Minister zapowiedział podwyżki wynagrodzeń w polskiej skarbówce w przyszłym roku. Według niego podstawowe uposażenie 60 proc. pracowników polskiego aparatu skarbowego wynosi poniżej 3 tys. zł brutto.
Spóźniona reforma
Marian Banaś uznał, że "reforma jest spóźniona co najmniej o osiem lat". - Skutek jest taki, że dziś mamy dużą lukę budżetową, szczególnie jeśli chodzi o pobór VAT. Z roku na rok ta luka się powiększała, co świadczy o tym, że nie najlepiej działają struktury, cały aparat skarbowy i celny - tłumaczył. Jego zdaniem, najważniejszym celem jest spowodowanie, aby ściągalność budżetowa była jak największa. Jak zaznaczył w Polsce "mamy ok. 26 proc. luki budżetowej, podczas gdy inne kraje zachodnie 4-15 procent ponieważ w krajach zachodnich ta konsolidacja nastąpiła o wiele wcześniej. - Chcemy w najbliższych latach osiągnąć przynajmniej tę średnią, a to stanie się wówczas, gdy skonsolidujemy wszystkie służby skarbowe, celne oraz urzędy kontroli skarbowej i będziemy dokonywali zmian ustawowych, co już się dzieje - zapowiedział Banaś.
Poprawa wyników ściągalności podatków ma nastąpić w ciągu 2-3 lat. To oznacza dodatkowo 4,5-4,8 mld euro rocznie.
Oderwani od realiów
Szałamacha zauważył, że "polska skarbówka nie dostosowała się do realiów otwartej, zinternacjonalizowanej gospodarki"
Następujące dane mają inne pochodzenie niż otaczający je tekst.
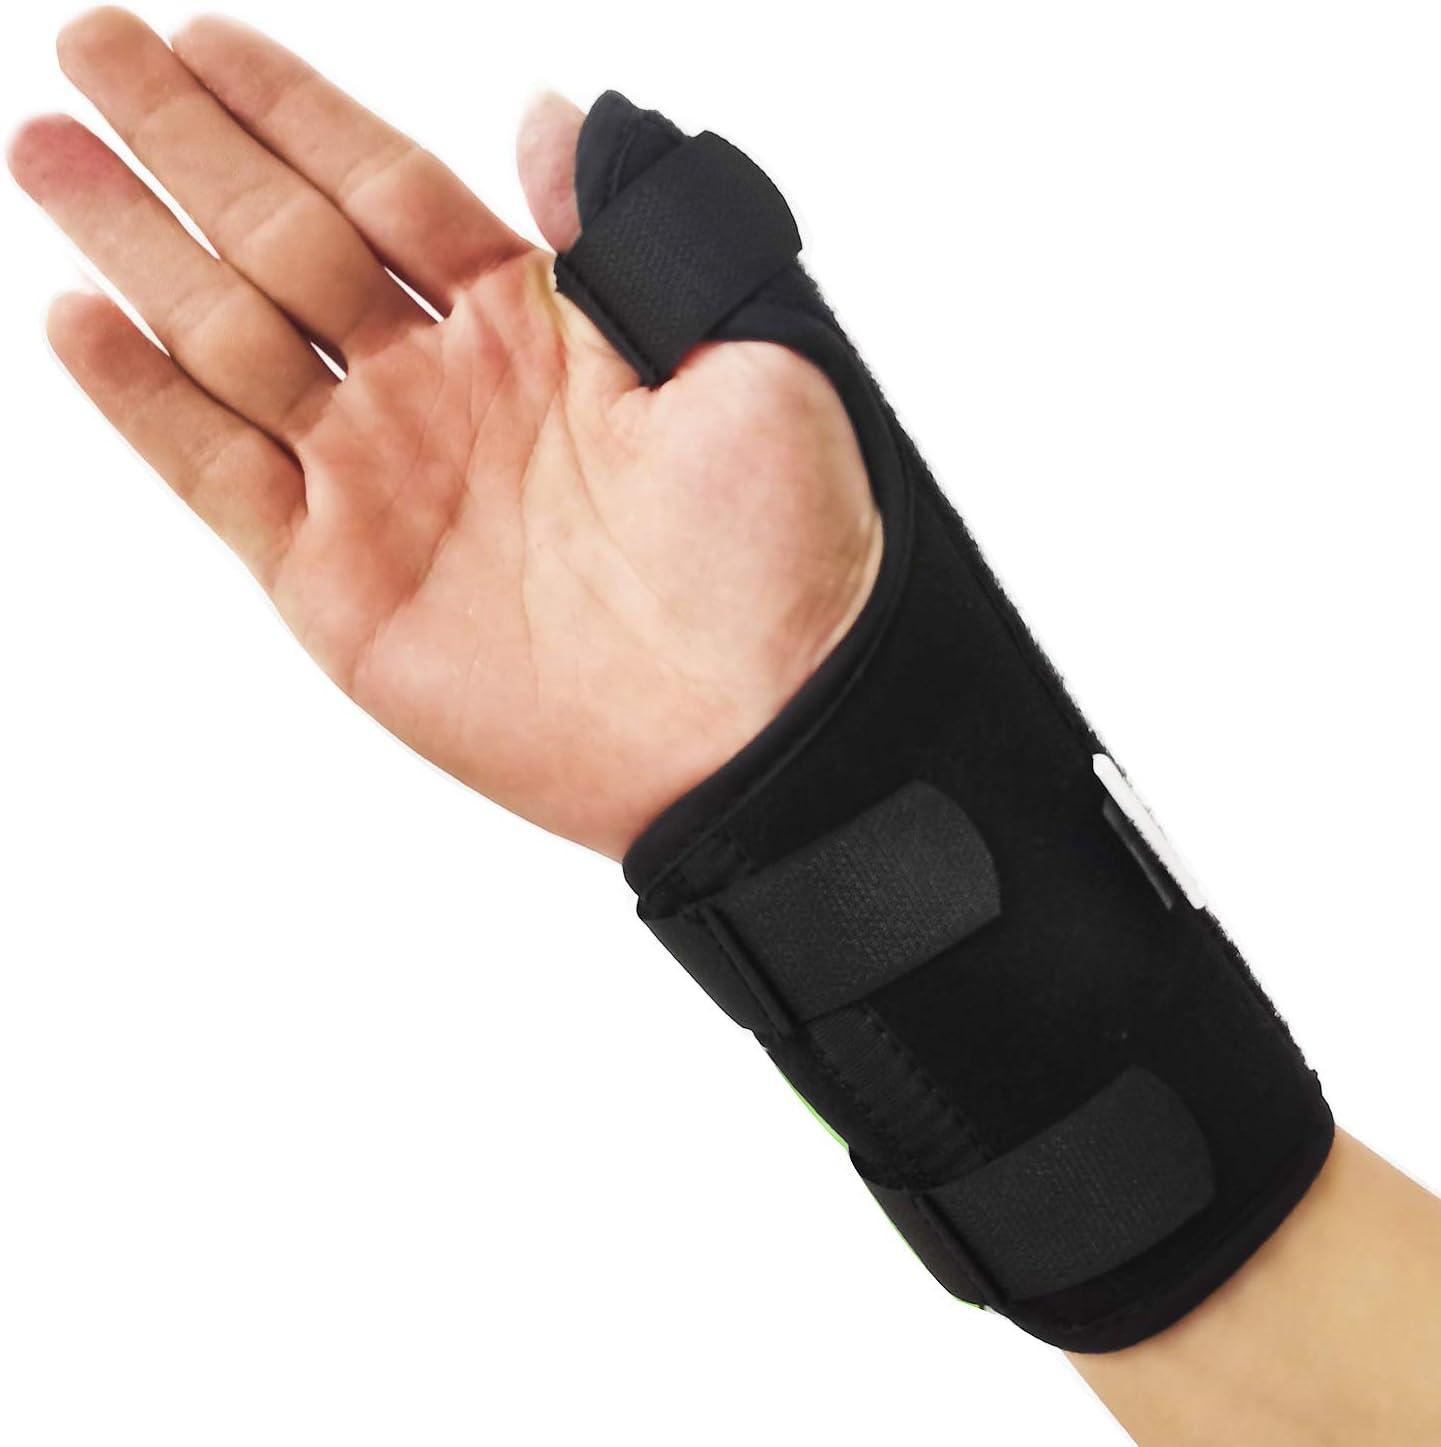 TODDOBRA Thumb Spica Splint- Brace Oklahoma City Mall T for Arthritis Soft or Washington Mall
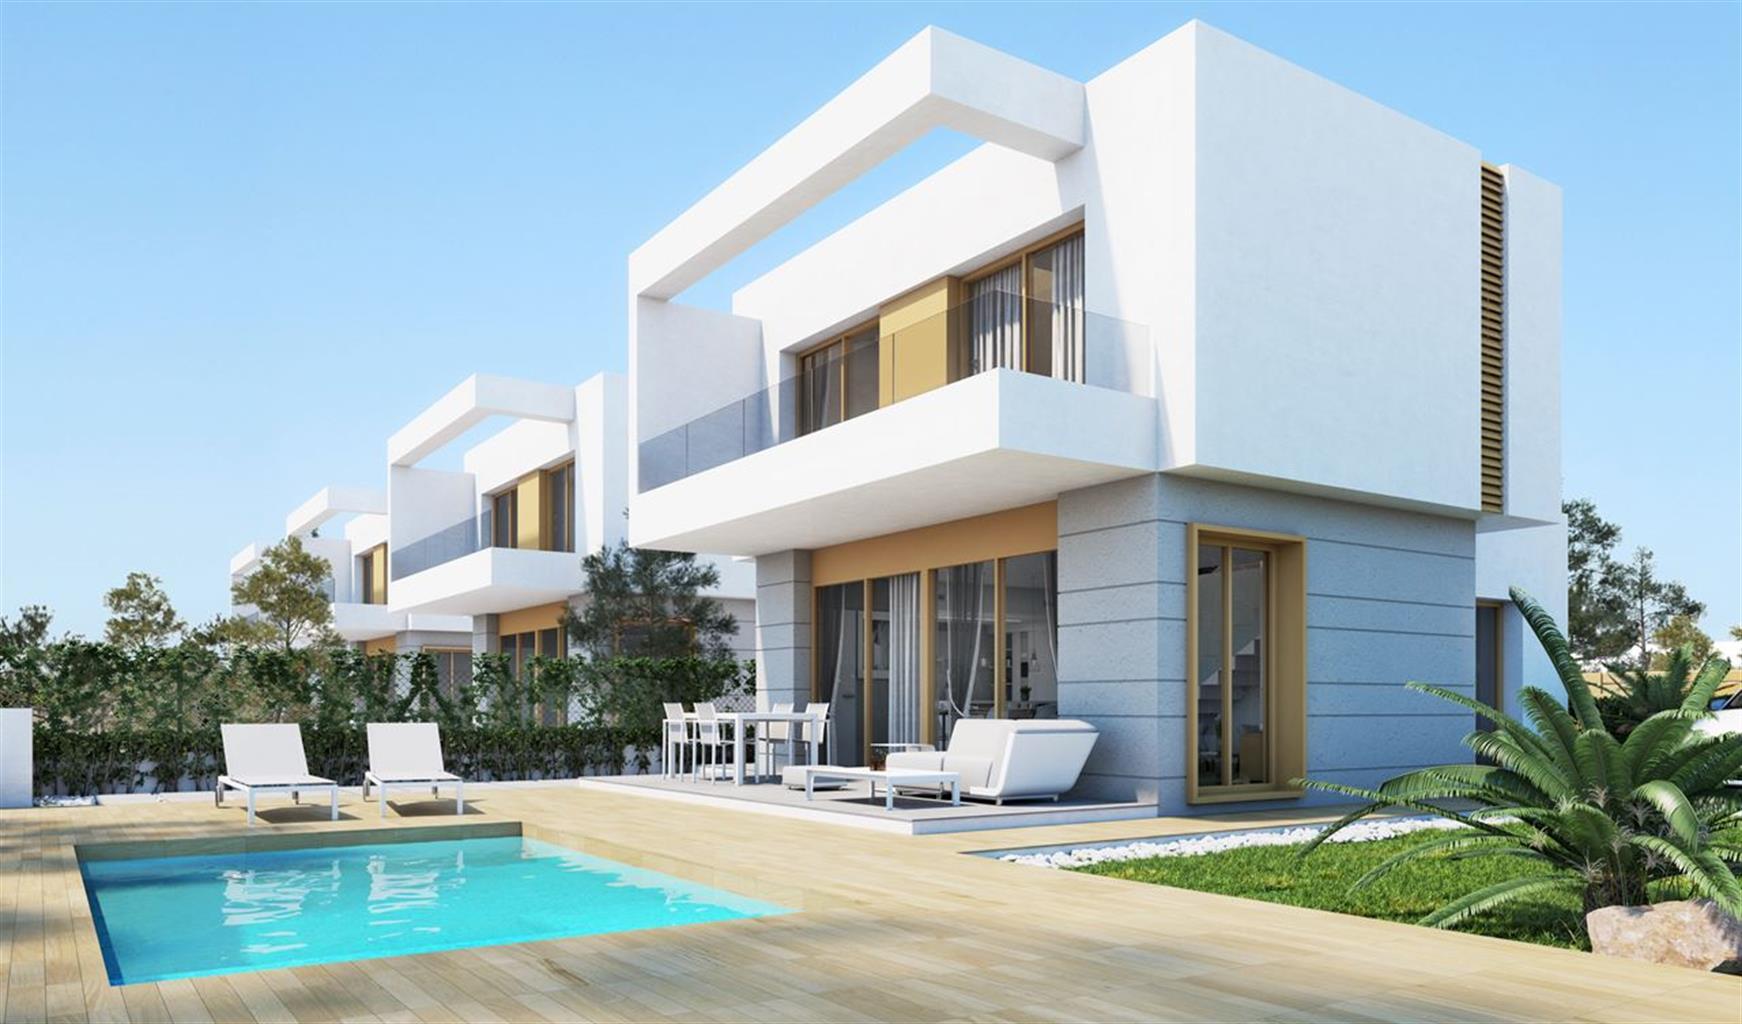 Grande villa contemporaine située au coeur du golf Vistabella.

- Będziemy tak zarządzać personelem, żeby np. przesunąć pracowników, którzy dziś zajmują się np. sprawdzaniem deklaracji PIT od milionów obywateli mających jedno źródło dochodów, czyli emerytów i rencistów, na te kwestie, gdzie uciekają realne pieniądze, czyli VAT i akcyzę - wyjaśnił szef resortu finansów. Minister pytany, czy w związku z reorganizacją będą zwolnienia pracowników ocenił, że "to będzie 3-4 procent naturalnej rotacji". Zapowiedział lepsze zarządzanie personelem, który ma być lepiej motywowany do pracy.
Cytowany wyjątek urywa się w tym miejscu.